Extracted records:
******************************
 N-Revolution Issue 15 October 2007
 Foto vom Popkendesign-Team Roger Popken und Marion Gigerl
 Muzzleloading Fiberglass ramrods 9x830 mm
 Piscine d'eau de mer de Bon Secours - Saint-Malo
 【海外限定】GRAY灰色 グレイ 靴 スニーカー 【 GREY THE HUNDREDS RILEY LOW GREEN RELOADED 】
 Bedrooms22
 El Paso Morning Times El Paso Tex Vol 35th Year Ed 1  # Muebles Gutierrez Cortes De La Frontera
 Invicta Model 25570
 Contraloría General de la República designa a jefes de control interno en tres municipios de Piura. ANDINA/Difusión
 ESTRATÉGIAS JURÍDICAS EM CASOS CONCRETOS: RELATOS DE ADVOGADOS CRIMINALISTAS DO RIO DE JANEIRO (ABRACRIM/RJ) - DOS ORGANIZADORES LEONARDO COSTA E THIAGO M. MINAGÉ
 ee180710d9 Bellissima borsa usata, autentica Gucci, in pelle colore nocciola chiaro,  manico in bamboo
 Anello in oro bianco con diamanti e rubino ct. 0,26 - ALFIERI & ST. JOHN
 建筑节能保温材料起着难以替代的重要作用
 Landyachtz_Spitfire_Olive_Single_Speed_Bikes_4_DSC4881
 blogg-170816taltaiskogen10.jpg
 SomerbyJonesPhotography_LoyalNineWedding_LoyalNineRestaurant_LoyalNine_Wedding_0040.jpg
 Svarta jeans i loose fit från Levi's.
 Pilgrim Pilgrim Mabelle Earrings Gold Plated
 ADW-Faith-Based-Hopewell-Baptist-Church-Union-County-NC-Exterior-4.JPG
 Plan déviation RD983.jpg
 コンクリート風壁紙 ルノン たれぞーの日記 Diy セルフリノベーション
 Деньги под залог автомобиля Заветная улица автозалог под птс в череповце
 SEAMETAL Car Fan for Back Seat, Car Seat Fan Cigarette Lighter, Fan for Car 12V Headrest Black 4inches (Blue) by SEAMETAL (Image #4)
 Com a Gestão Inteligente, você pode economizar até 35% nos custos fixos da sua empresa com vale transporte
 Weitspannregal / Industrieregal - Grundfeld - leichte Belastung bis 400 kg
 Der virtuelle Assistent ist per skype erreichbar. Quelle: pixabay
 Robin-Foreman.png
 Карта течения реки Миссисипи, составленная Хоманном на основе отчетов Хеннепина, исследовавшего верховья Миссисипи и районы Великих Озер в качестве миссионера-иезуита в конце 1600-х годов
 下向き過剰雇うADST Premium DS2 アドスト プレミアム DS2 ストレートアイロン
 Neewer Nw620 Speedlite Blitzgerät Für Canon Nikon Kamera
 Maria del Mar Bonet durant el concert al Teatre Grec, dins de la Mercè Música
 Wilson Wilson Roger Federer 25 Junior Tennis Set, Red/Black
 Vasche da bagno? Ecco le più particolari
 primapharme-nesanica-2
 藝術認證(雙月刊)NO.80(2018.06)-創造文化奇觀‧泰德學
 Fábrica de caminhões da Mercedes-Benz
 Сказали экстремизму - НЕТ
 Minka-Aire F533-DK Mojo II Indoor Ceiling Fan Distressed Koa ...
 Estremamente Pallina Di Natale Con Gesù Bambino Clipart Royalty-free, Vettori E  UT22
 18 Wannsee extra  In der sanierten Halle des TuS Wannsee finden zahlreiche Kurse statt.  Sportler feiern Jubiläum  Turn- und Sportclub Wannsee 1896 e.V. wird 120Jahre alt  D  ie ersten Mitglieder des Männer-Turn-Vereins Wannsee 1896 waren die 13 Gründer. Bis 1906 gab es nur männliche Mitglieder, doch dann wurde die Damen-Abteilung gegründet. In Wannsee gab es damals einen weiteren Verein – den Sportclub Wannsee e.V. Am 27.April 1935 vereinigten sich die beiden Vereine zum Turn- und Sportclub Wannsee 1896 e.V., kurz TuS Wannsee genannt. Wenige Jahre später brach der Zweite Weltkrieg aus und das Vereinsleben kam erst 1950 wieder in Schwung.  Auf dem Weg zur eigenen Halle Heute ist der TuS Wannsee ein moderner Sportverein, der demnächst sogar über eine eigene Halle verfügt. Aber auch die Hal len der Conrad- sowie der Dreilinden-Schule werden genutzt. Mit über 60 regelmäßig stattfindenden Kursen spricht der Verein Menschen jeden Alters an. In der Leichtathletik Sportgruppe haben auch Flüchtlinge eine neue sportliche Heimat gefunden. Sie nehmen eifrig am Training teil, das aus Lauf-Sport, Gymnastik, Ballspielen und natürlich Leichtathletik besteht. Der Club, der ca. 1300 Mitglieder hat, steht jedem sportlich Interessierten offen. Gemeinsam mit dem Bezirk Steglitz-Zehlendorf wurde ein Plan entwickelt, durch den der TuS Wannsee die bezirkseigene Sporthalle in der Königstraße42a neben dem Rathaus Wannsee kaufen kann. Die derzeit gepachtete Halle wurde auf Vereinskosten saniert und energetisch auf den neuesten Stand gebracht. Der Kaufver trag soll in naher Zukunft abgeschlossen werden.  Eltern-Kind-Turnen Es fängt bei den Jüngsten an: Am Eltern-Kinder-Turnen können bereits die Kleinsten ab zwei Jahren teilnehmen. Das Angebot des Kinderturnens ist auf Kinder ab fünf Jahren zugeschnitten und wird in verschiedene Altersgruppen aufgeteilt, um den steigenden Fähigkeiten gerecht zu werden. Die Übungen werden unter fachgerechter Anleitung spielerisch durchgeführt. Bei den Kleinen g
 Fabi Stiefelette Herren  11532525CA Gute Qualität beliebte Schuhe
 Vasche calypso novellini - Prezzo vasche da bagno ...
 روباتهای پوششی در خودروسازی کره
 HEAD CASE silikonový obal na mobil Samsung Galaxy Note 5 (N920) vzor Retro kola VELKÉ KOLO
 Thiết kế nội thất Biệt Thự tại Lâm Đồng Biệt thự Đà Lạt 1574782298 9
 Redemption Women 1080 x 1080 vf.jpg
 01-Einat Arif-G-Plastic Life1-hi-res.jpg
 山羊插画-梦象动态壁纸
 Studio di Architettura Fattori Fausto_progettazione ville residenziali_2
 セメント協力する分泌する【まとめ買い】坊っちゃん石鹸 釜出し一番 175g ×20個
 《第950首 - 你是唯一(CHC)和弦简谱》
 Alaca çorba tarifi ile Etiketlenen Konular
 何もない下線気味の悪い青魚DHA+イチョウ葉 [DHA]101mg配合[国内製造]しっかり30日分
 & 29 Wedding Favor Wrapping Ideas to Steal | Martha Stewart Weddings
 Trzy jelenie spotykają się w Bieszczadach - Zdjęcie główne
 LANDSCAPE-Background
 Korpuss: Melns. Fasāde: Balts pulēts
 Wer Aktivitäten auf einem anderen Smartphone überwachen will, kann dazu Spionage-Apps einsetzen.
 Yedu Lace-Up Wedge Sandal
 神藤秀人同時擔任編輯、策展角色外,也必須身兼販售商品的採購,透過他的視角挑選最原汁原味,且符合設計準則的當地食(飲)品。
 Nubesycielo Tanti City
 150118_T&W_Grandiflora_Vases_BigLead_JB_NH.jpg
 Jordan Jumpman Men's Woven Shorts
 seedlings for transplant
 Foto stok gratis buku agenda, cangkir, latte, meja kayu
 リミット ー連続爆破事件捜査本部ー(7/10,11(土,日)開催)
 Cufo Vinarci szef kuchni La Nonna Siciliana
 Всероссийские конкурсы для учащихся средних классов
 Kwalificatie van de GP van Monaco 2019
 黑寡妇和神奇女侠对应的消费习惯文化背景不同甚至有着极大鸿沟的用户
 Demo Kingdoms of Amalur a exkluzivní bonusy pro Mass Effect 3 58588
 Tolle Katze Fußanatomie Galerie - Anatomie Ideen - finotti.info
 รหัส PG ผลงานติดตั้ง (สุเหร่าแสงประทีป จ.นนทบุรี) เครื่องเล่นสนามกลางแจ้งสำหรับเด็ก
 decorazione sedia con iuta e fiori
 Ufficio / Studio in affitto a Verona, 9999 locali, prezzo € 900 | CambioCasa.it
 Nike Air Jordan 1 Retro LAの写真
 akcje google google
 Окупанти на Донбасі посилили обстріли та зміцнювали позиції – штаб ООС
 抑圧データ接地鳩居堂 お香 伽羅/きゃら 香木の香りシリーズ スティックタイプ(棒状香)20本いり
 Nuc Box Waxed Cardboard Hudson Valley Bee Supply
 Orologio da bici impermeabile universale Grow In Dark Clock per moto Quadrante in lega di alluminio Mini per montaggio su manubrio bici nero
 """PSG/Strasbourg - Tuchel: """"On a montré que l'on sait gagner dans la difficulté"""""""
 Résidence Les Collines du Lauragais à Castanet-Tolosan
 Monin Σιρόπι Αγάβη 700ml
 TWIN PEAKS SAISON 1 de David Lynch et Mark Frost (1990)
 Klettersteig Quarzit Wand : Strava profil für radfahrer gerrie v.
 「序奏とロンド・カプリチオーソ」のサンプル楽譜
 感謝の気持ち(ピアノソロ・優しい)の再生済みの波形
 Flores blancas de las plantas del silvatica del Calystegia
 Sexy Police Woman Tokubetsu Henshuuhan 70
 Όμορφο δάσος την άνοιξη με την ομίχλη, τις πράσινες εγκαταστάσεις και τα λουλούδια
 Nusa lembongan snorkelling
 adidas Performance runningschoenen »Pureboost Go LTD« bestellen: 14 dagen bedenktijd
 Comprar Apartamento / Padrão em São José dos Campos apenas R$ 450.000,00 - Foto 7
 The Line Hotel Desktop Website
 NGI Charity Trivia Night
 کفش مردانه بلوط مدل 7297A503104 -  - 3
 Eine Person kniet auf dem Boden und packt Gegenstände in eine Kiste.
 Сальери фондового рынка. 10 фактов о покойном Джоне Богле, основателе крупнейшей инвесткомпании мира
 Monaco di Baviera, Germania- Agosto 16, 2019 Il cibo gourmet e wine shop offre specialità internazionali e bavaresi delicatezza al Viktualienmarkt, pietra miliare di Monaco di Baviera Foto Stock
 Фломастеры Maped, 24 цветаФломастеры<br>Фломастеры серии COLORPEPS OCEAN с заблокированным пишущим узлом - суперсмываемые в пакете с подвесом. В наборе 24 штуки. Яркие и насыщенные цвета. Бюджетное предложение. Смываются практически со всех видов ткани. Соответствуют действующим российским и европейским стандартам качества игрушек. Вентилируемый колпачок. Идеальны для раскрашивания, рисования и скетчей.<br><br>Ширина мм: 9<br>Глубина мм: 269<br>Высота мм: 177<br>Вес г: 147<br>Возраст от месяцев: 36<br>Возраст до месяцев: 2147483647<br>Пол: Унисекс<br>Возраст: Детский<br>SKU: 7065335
******************************
• _PROBLEM DESCRIPTION_
Please output only the lines from the first line of the entries through the line with "Robin-Foreman.png", both included, exactly as written.

• _ANSWER TO THIS TASK_
 N-Revolution Issue 15 October 2007
 Foto vom Popkendesign-Team Roger Popken und Marion Gigerl
 Muzzleloading Fiberglass ramrods 9x830 mm
 Piscine d'eau de mer de Bon Secours - Saint-Malo
 【海外限定】GRAY灰色 グレイ 靴 スニーカー 【 GREY THE HUNDREDS RILEY LOW GREEN RELOADED 】
 Bedrooms22
 El Paso Morning Times El Paso Tex Vol 35th Year Ed 1  # Muebles Gutierrez Cortes De La Frontera
 Invicta Model 25570
 Contraloría General de la República designa a jefes de control interno en tres municipios de Piura. ANDINA/Difusión
 ESTRATÉGIAS JURÍDICAS EM CASOS CONCRETOS: RELATOS DE ADVOGADOS CRIMINALISTAS DO RIO DE JANEIRO (ABRACRIM/RJ) - DOS ORGANIZADORES LEONARDO COSTA E THIAGO M. MINAGÉ
 ee180710d9 Bellissima borsa usata, autentica Gucci, in pelle colore nocciola chiaro,  manico in bamboo
 Anello in oro bianco con diamanti e rubino ct. 0,26 - ALFIERI & ST. JOHN
 建筑节能保温材料起着难以替代的重要作用
 Landyachtz_Spitfire_Olive_Single_Speed_Bikes_4_DSC4881
 blogg-170816taltaiskogen10.jpg
 SomerbyJonesPhotography_LoyalNineWedding_LoyalNineRestaurant_LoyalNine_Wedding_0040.jpg
 Svarta jeans i loose fit från Levi's.
 Pilgrim Pilgrim Mabelle Earrings Gold Plated
 ADW-Faith-Based-Hopewell-Baptist-Church-Union-County-NC-Exterior-4.JPG
 Plan déviation RD983.jpg
 コンクリート風壁紙 ルノン たれぞーの日記 Diy セルフリノベーション
 Деньги под залог автомобиля Заветная улица автозалог под птс в череповце
 SEAMETAL Car Fan for Back Seat, Car Seat Fan Cigarette Lighter, Fan for Car 12V Headrest Black 4inches (Blue) by SEAMETAL (Image #4)
 Com a Gestão Inteligente, você pode economizar até 35% nos custos fixos da sua empresa com vale transporte
 Weitspannregal / Industrieregal - Grundfeld - leichte Belastung bis 400 kg
 Der virtuelle Assistent ist per skype erreichbar. Quelle: pixabay
 Robin-Foreman.png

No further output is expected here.